Pedoman baru dari AHA adalah izin, bukan promosi.

Bagi kebanyakan orang dewasa, termasuk penderita penyakit jantung stabil atau AFib, tidak ada alasan kuat untuk berhenti minum kopi jika mereka dapat menoleransinya dengan baik. Asupan moderat cocok dengan gaya hidup sehat jantung. Hal ini sejalan dengan rendahnya tingkat penyakit jantung koroner dan stroke.

Tapi itu bukan sihir.

Kopi bukanlah obat. Itu tidak akan memperbaiki kolesterol tinggi. Itu tidak akan menggantikan statin. Itu tidak akan membuat Anda lari maraton jika Anda tidak banyak bergerak. Itu tidak menggantikan olahraga, pengelolaan berat badan, atau tidur tujuh jam semalam.
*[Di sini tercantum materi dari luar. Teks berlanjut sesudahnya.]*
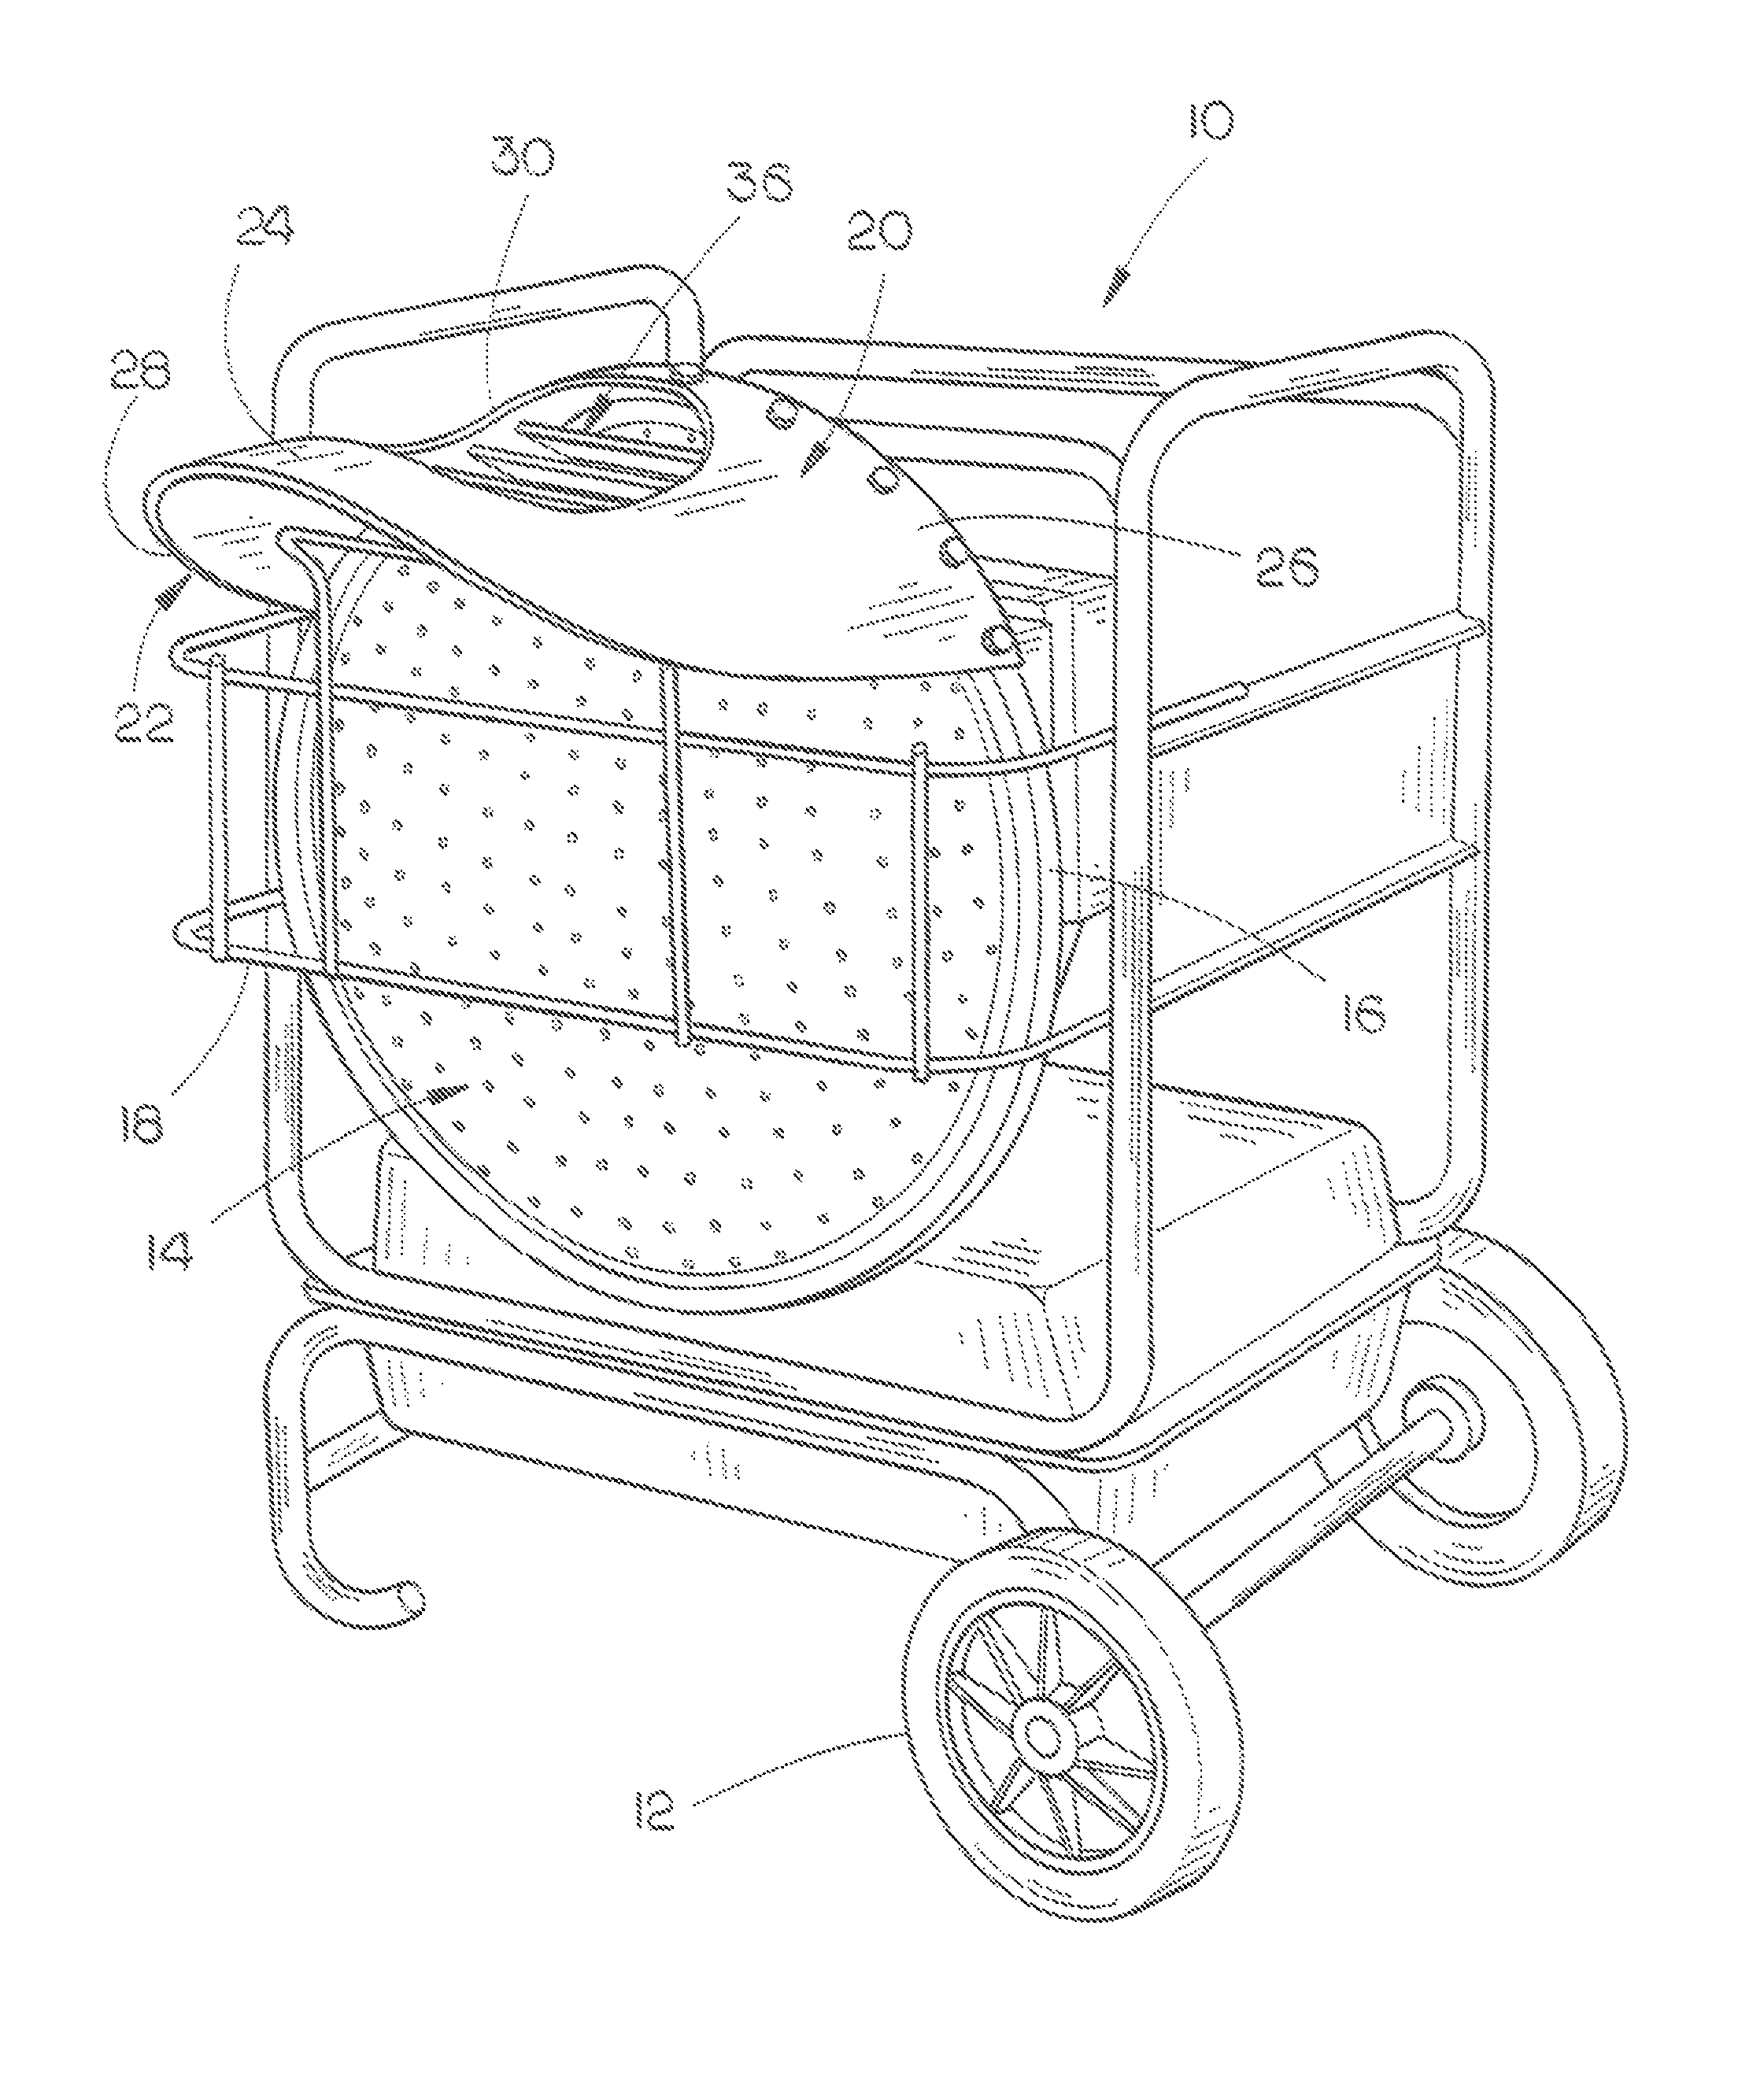 Apparatus for cooking or heating food or liquids

Jaga asupan Anda dalam jumlah sedang. Jaga agar gula tetap rendah. Hormati batasan Anda sendiri. Jika empat cangkir membuat Anda gelisah, dua cangkir adalah jawabannya. Jika satu cangkir terasa sempurna, jangan tambahkan tiga cangkir lagi karena sebuah penelitian mengatakan 400 mg “aman”. Keamanan bukanlah target. Itu adalah sebuah batasan.

Tetaplah berada di dalamnya. Atau jangan meminumnya sama sekali. Hati tidak peduli mana yang kamu pilih, asalkan itu yang tepat untukmu.